In conjunction with the New York-based theater company Waterwell, Indiana University's Department of Theater and Drama presents a special workshop production of The Wizard of Wall Street: The Life and Achievements of Financier/Railroad King Jay Gould.

Jay Gould was the archetypical robber baron. Estimated to be the 9th richest American in history, his wealth was no accident. John D. Rockefeller called Gould "the most skilled businessman I've ever met."

A Gould As Good As Gold

A fascinating epic of Americana, the show is clever, funny, bawdy and charmingly full of itself. It's also so sophisticated that it's hard to believe the cast – a group of veterans and experienced IU students – put the performance together in less than two weeks.

Though The Wizard is a complicated show with many cast members playing multiple roles – each of which involves not only acting, but singing and choreography – in fact the show is still in flux.
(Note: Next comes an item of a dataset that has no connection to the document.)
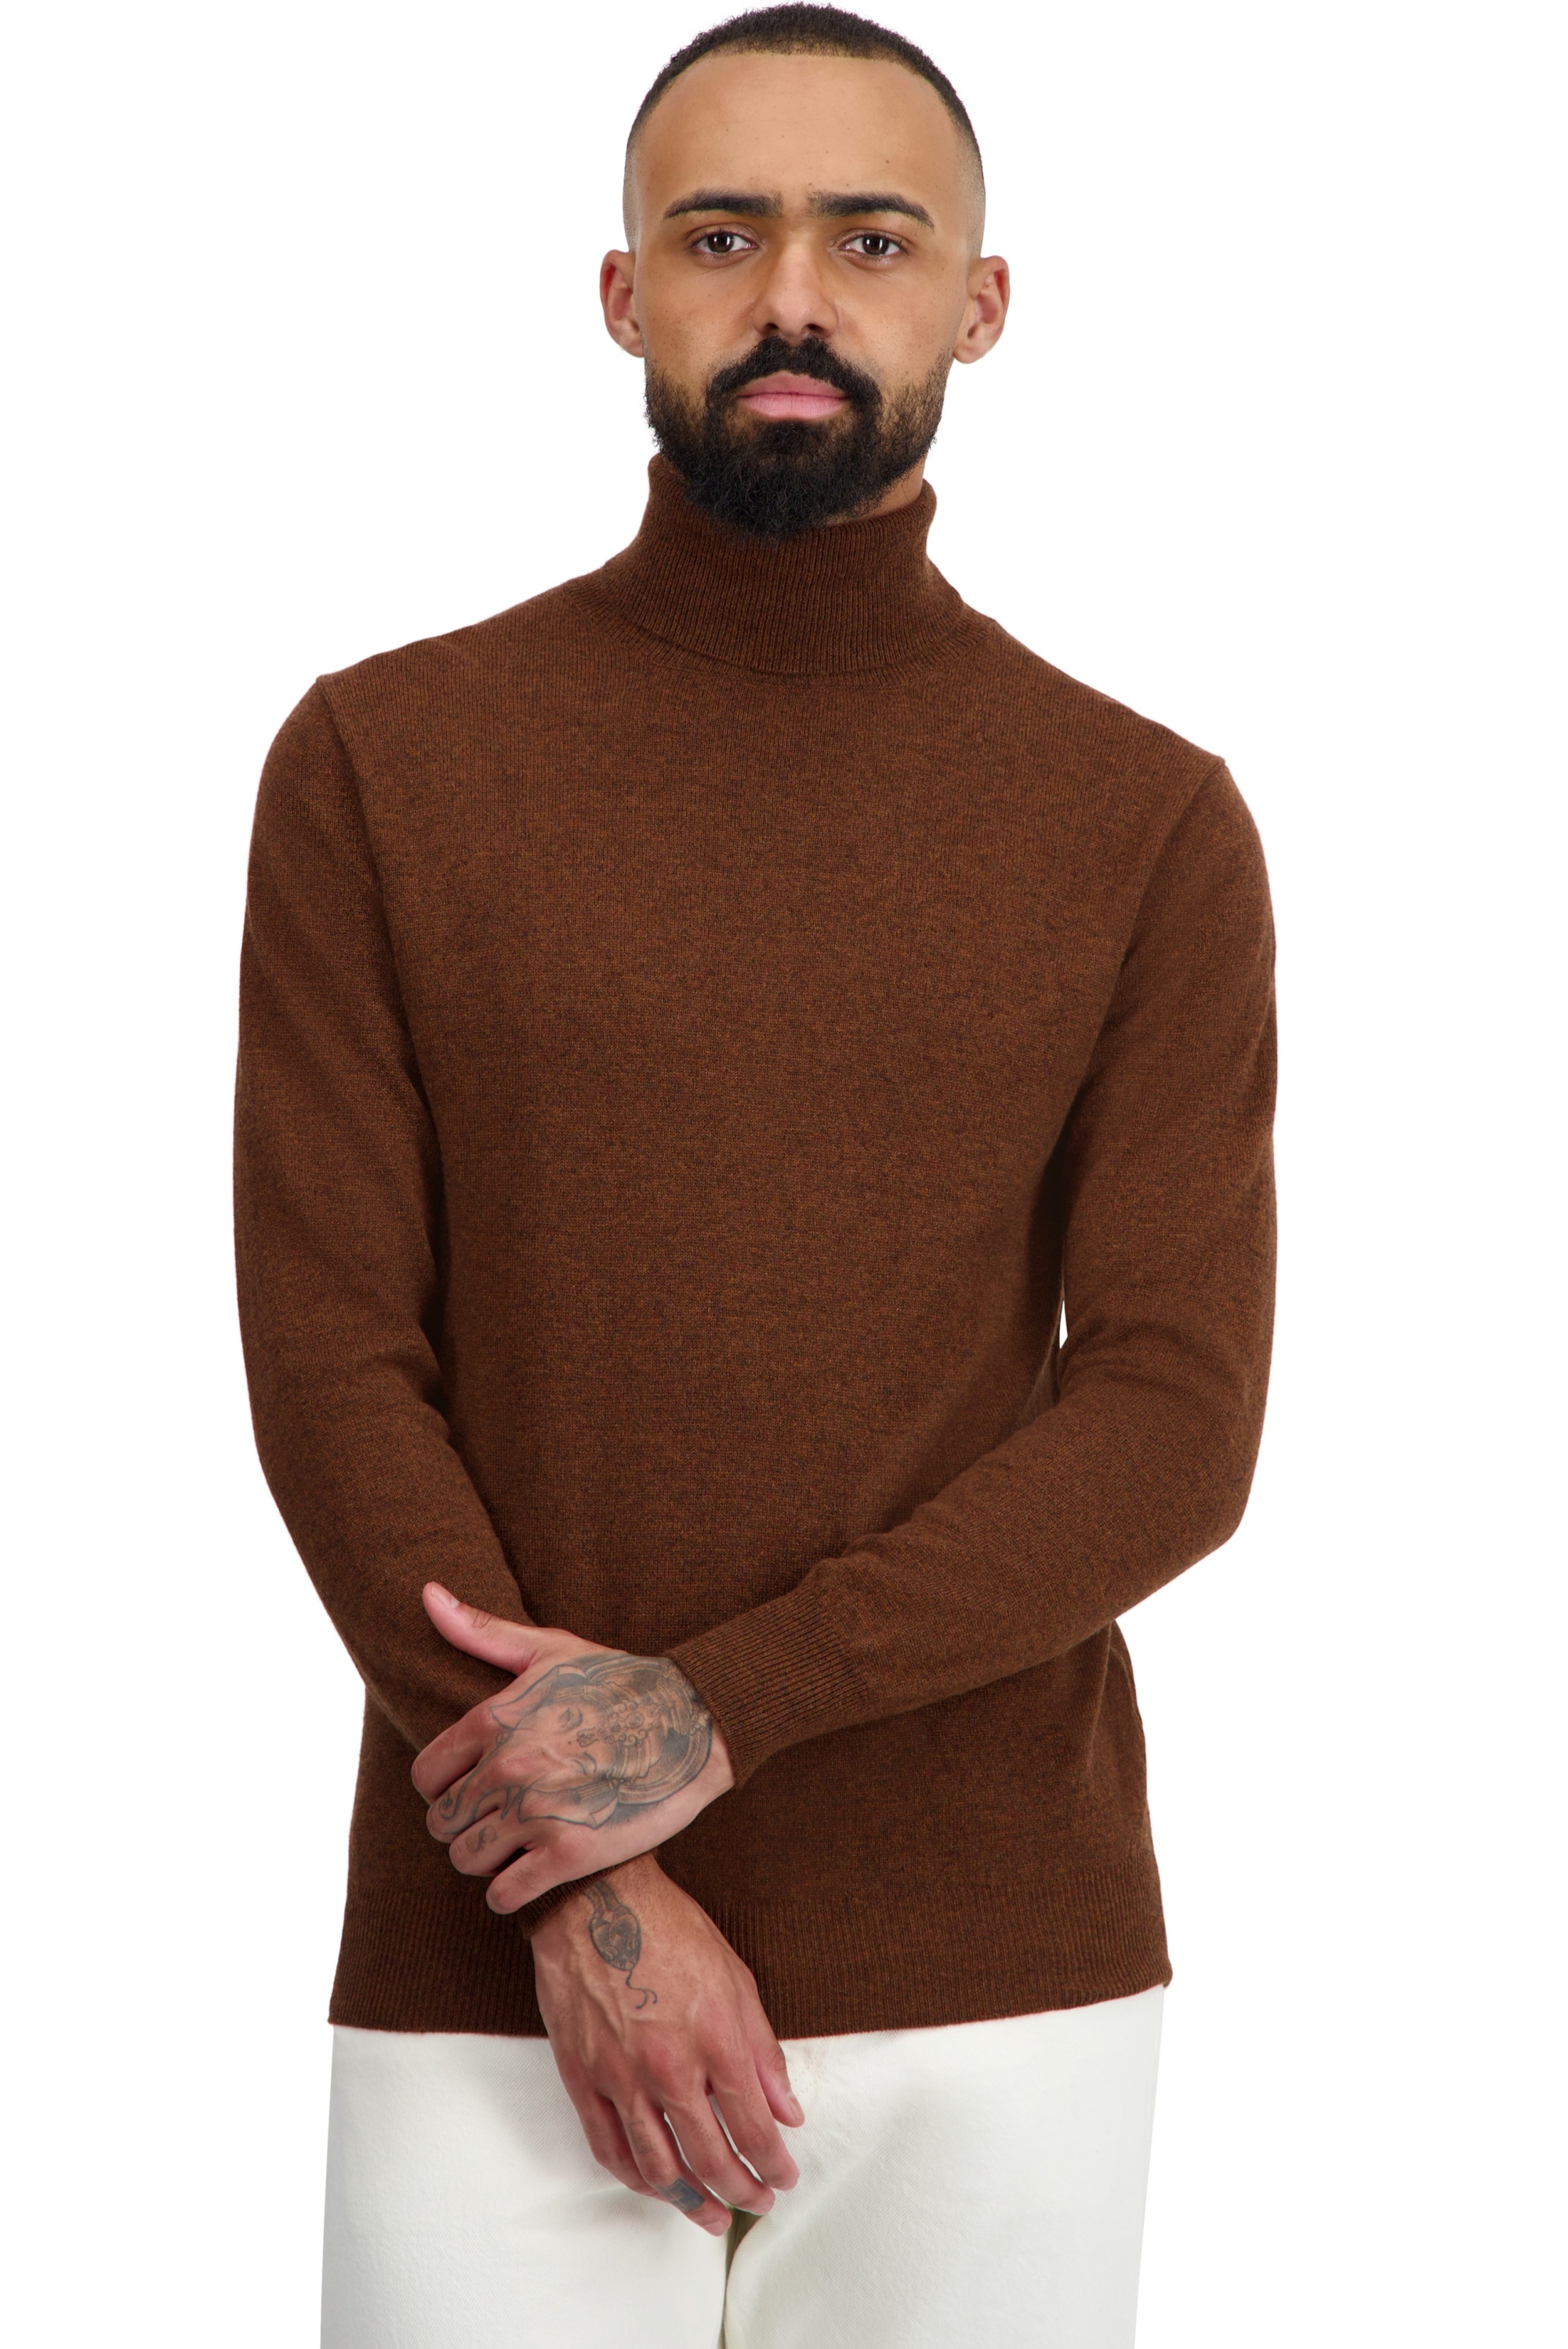 Cashmere men basic sweaters at low prices tarry first mace m

On opening night, the audience was kept waiting in the lobby while the cast worked on a new song. To their credit, the actors worked with such confidence and aplomb that no one could tell which song was the new one.

The Cast

Phillip Hernandez was our guide and conductor for the evening. He never missed a beat, nor an opportunity to shape his part, along with our expectations. Jordan Gelber was delightful as Jay Gould's partner, the boisterously crude Jubilee Jim Fisk. And whether she was singing an anthem in the style of Les Mis' or doing a mocking strip tease, Nicole Parker struck just the right notes as the suffragette Victoria Woodhull. Through it all, Sean McNall weathered the triumphs and disasters of Jay Gould's tempestuous life with eloquent quiet.
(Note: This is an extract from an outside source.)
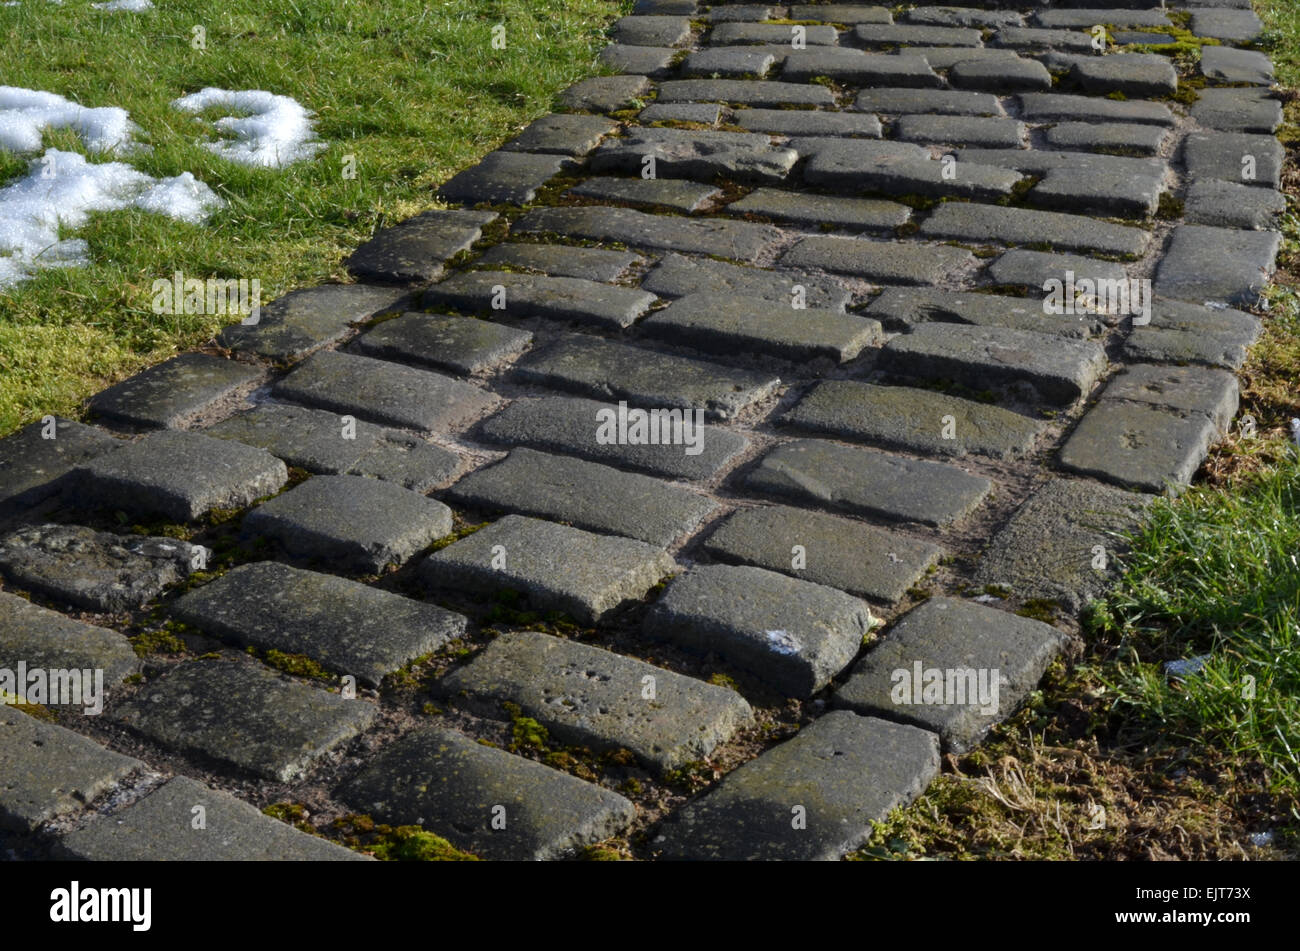 Cobbled pathway at the locks on the Forth & Clyde to give purchase to the lock keepers feet when they swing open the large gates Stock Photo

Mark Banik, Matt Birdsong, Taylor Crousore and Trenton Hulen each played multiple roles and made a fine quartet. This audience member especially enjoyed Banik's performance as the snooty easterner Charles Adams. Kerry Ipema, and Mandy Striph filled out the distaff side, with Ipema as Gould's long-suffering, straight-laced wife, and Striph as Jim Fisk's spirited floozie.

The Direction

Under the direction of Waterwheel's Tom Ridgeley and the choreography of IU's George Pinney, the theatrical approaches of The Wizard range from ‘tableau vivant' to mime, from straight drama to eerily supernatural, in the case of a weird grave yard scene where corpses rise from the dead. Along the way, there's even an opera – and yes, it's in Italian. Sure, it could use subtitles, but it's still fun.
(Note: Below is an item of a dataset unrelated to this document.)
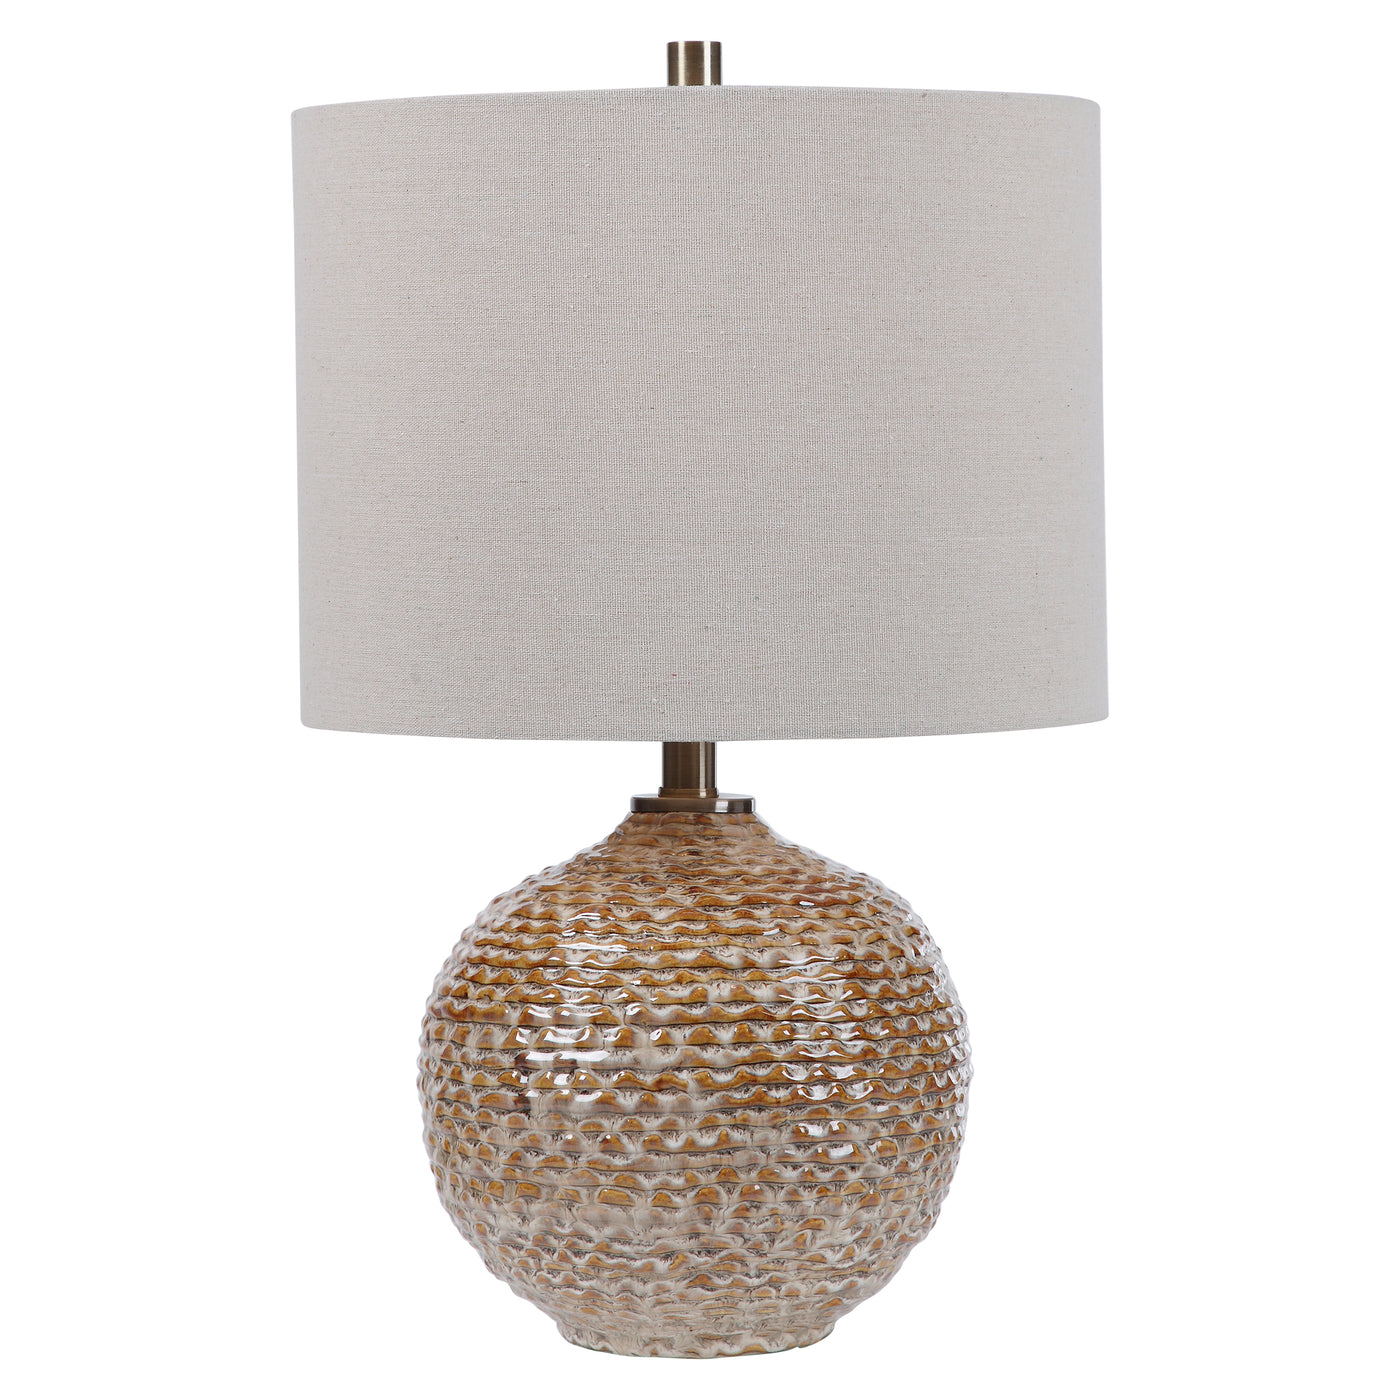 This Unique Ceramic Table Lamp Displays A Rustic, Wavy Ribbed Texture In Rust Brown Glaze Covered In Aged Taupe Tones, Acc...

Despite the variety of approaches, though, the production retains a unity of tone and flavor.

The Music

The music, by Lauren Cregor Devine, is something like the staging: There's plenty of variety and conscious imitations. There are work songs, barber shop quartets, ballads, train pieces (with a sly nod to The Music Man), a Gilbert and Sullivan-style patter song, and Nicole Parker's Les Mis'-like anthem. Yet like the staging, despite its variety the music seems all of a kind. I was struck by the fact instead of a rock band IU conductor/pianist Terry LaBolt brought a flute, violin, cello and French horn to sit in with the flexible rhythm section.

Performances of The Wizard of Wall Street continue tonight and Saturday night at seven-thirty and Sunday at two in The Lee Norvelle Theatre and Drama Center's Wells-Metz Theatre.

At the Theatre for you, I'm George Walker.